Here's a nice look from upcampus that effectively toasts the NYT and its new op-ed face, Bill Kristol, without ever having to point out that ... well, that Kristol is shallow, tedious, and sublimely unoriginal and uninteresting. You don't have to have a few bottles of Stephen Walt-brand realism in your cellar* -- for that matter, you don't even have to be a realist -- to enjoy this take on diversity of opinion in the mainstream press. Take it away, Professor Walt:

What's missing in America's mainstream media is the voice of realism. As the label implies, realists think foreign policy should be based on the world as it really is, rather than what we might like it to be. Realists see international politics as an inherently competitive realm where states constantly compete for advantage and where security is often precarious. But realists understand that being overly alarmist and aggressive can get states into just as much trouble as being excessively trusting or complacent. So realists keep a keen eye on the balance of power, but they oppose squandering blood or treasure on needless military buildups, ideological crusades, or foolish foreign wars.

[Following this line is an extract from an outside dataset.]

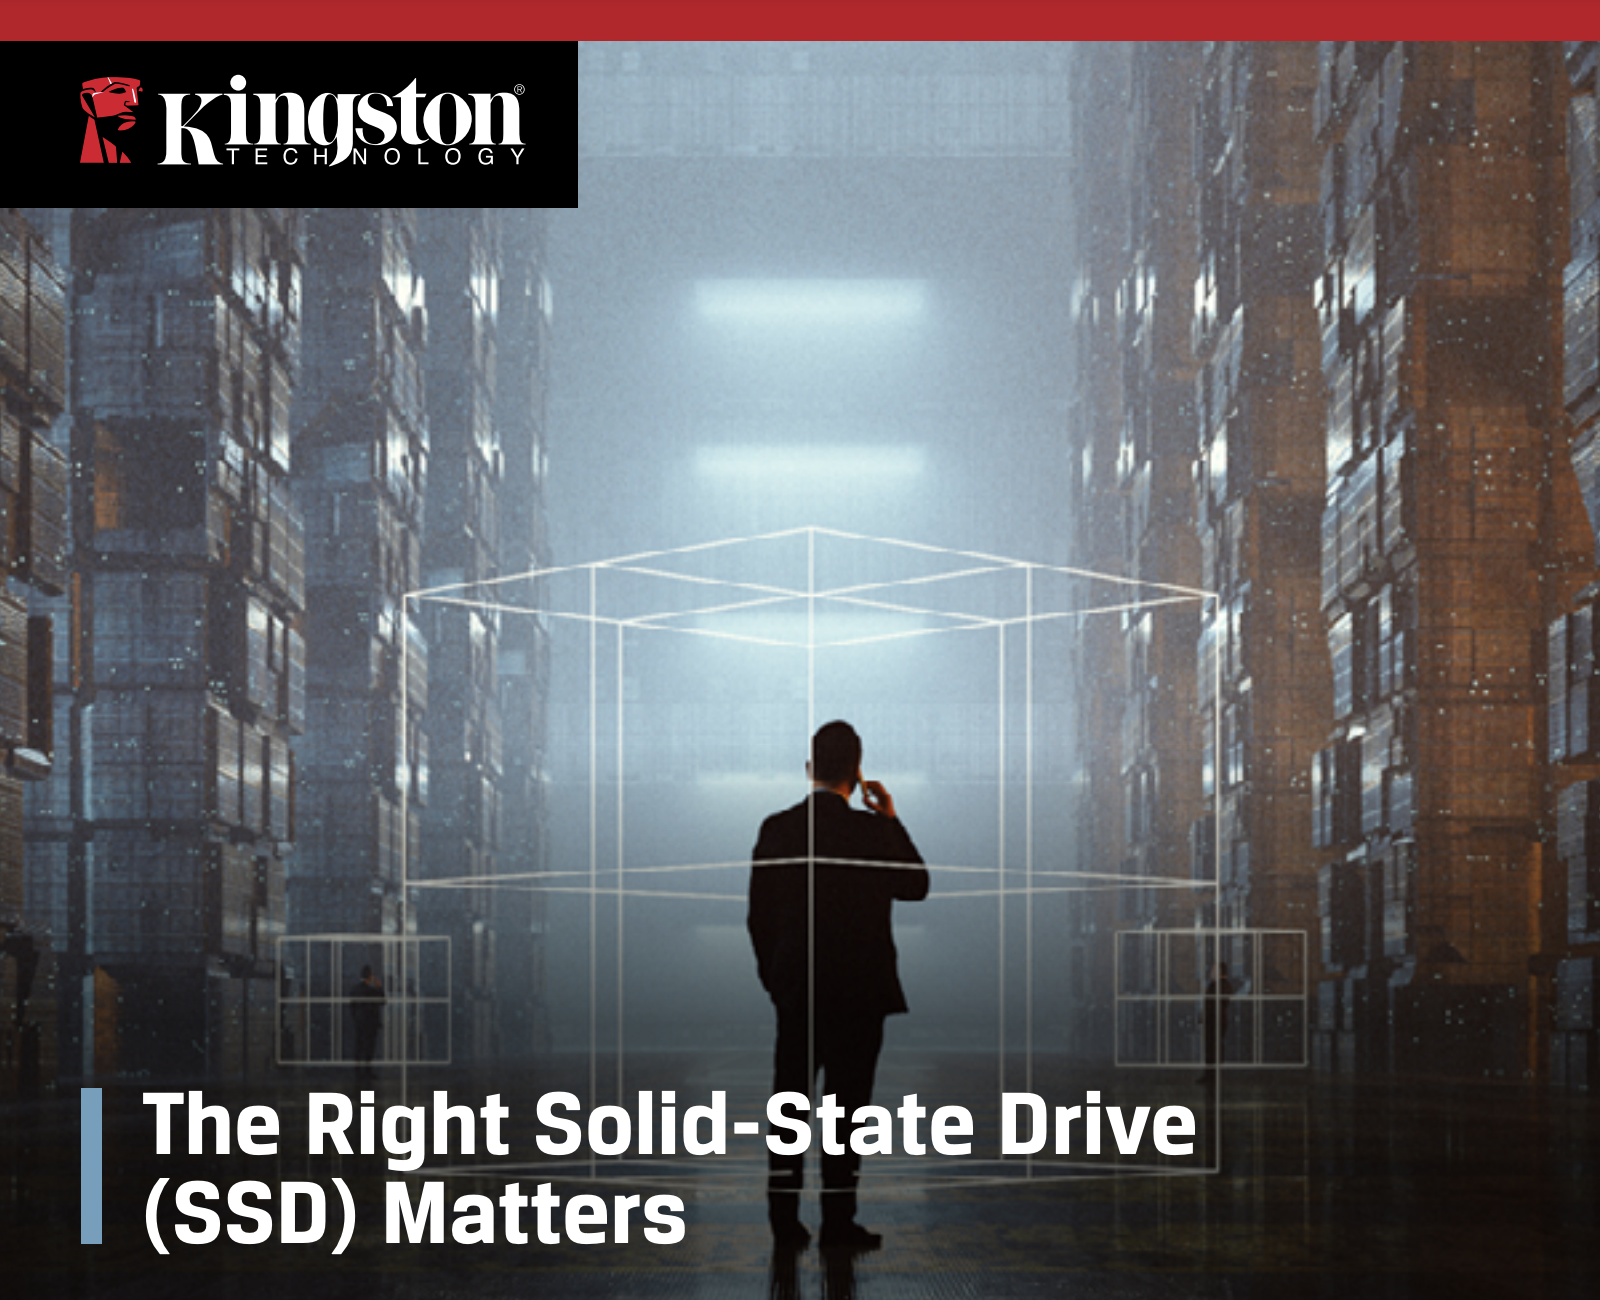 The Right Solid-State Drive (SSD) Matters
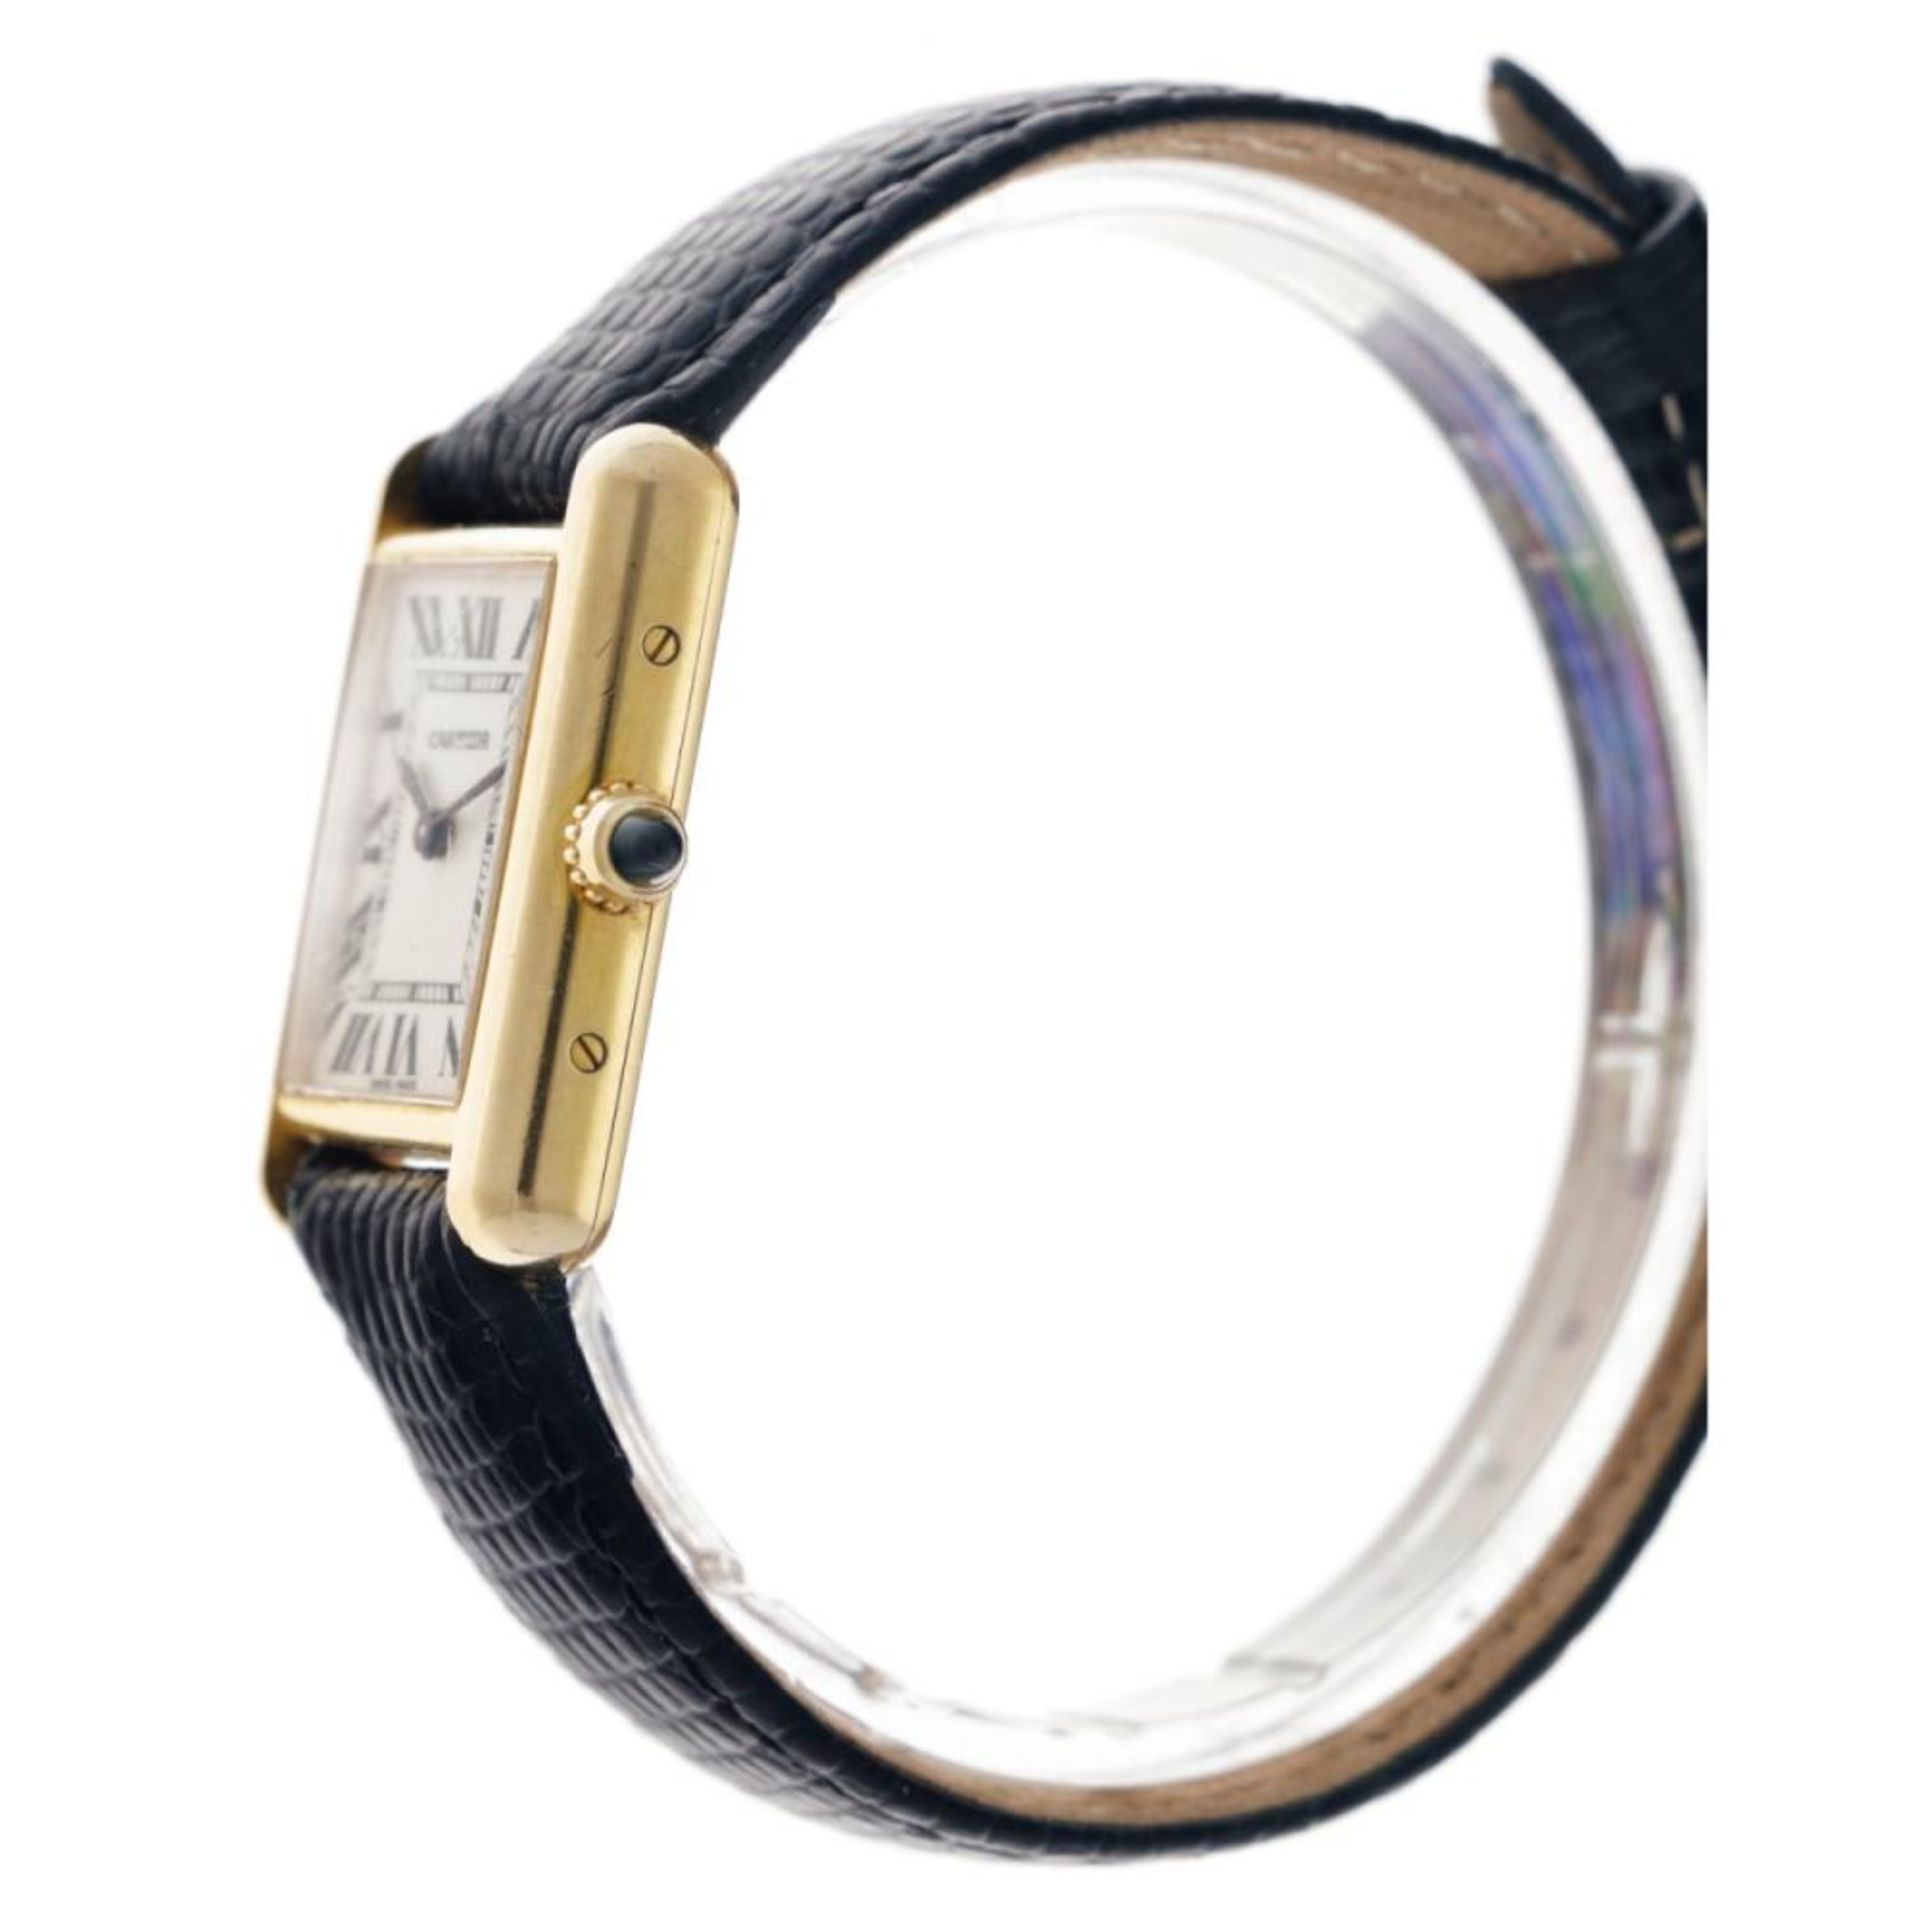 Cartier Tank Louis 2442 - 18 carat gold - Ladies watch - approx. 2010. - Image 10 of 10

Realists cherish America's commitment to democracy and individual liberty, but they know that ideals alone are no basis for conducting foreign policy. They also understand that endless overseas adventures will inevitably provoke a hostile backlash abroad and eventually force us to compromise our freedoms here at home.

Such views are hardly heretical, but there is not a single major columnist, TV commentator or radio pundit who consistently presents a realist perspective on world politics and American foreign policy. In America today, the mainstream media is a realism-free zone.

* Some of us prefer a broader conception of what "security studies" can cover, for one.